Sagi Haviv ( ; born 1974 in Israel) is an Israeli-American graphic designer and a partner in the design firm Chermayeff & Geismar & Haviv. Called a "logo prodigy" by The New Yorker, and a "wunderkind" by Out magazine, he is best known for having designed the trademarks and visual identities for brands and institutions such as Discovery, Inc.'s online streaming service Discovery+, the United States Olympic & Paralympic Museum, the US Open tennis tournament, Conservation International, Harvard University Press, and L.A. Reid's Hitco Entertainment, and tech and electric car company Togg.

Biography
Haviv was born in Nachshonim, Israel, where he spent his early life. He studied at the Telma Yelin art high school in Givataim. In 1996, Haviv moved to New York. He studied graphic design at The Cooper Union School of Art where he earned a Bachelor of Fine Arts.

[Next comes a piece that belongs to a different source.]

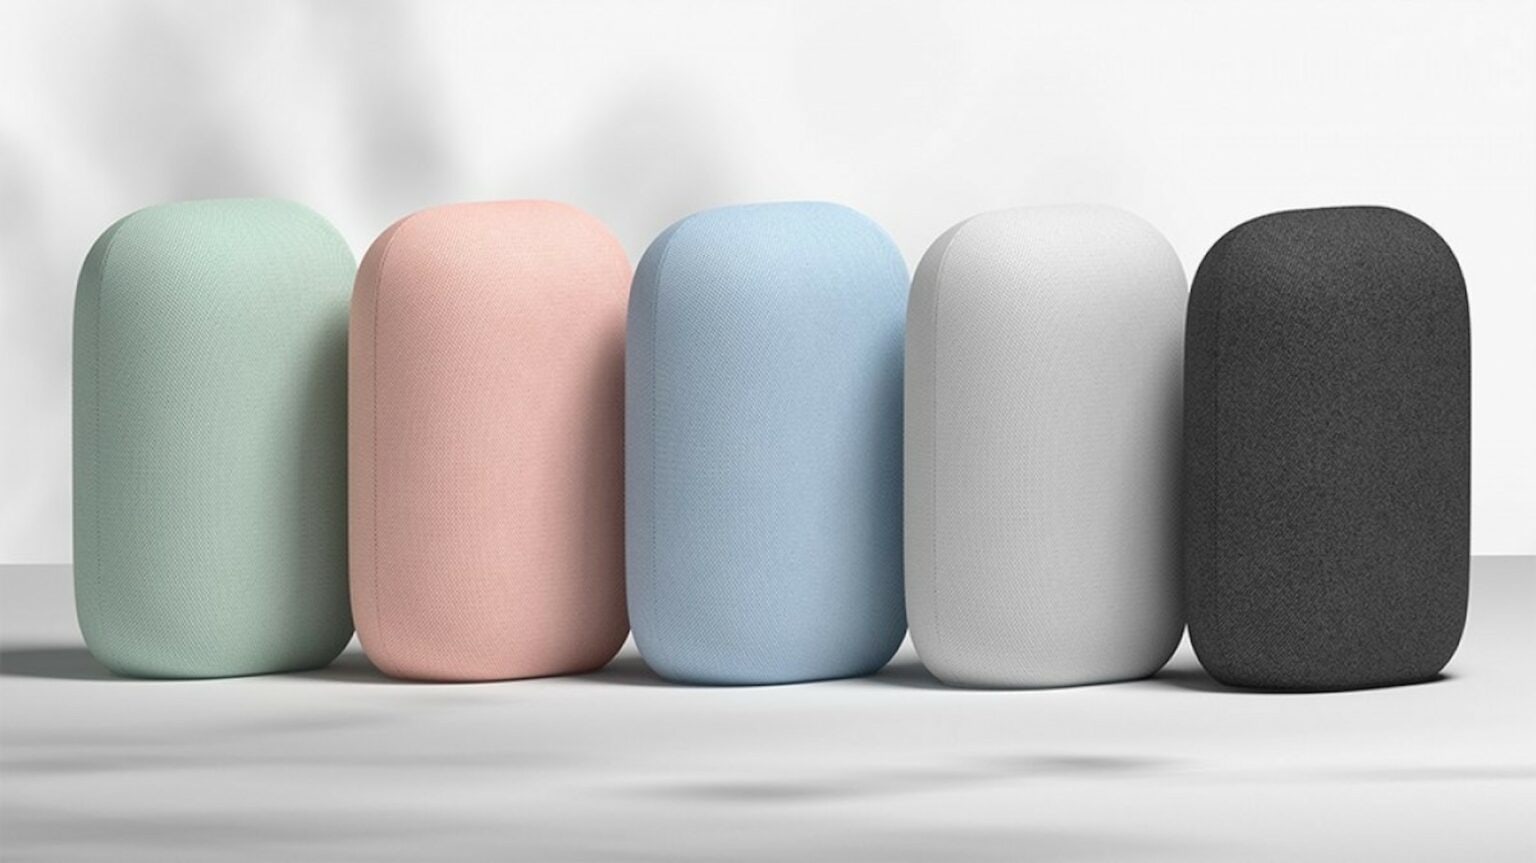 Google Nest smart speakers

Haviv began his design career when he joined Chermayeff & Geismar in 2003. There he created "Logomotion", an award-winning ten-minute motion graphics tribute to the firm’s famous trademarks which was widely exhibited, appearing in New York at Corcoran Gallery of Art (2003), in Washington, D.C. (2004), the Ginza Graphic Gallery in Tokyo (2005), Centro in Mexico City (2006), and the Pera Museum Istanbul (2007).

In 2006 he became a partner at Chermayeff & Geismar, where he has since developed institutional and corporate identities, print and motion graphics and art in architecture for a diverse array of clients worldwide. Haviv’s motion graphics work includes the main titles for the PBS documentary series Carrier, and the 2010 PBS documentary series Circus, and a typographic animation for the centerpiece performance at Alicia Keys’s Black Ball, 2009 for Keep A Child Alive.

In 2013 Haviv's name was added to the masthead of the 56 year old firm Chermayeff & Geismar and it became known as Chermayeff & Geismar & Haviv.

Published books 
In 2011, he co-authored with Tom Geismar and Ivan Chermayeff the book Identify: Basic Principles of Identity Design in the Iconic Trademarks of Chermayeff & Geismar. The book was published by Print magazine's book imprint, ().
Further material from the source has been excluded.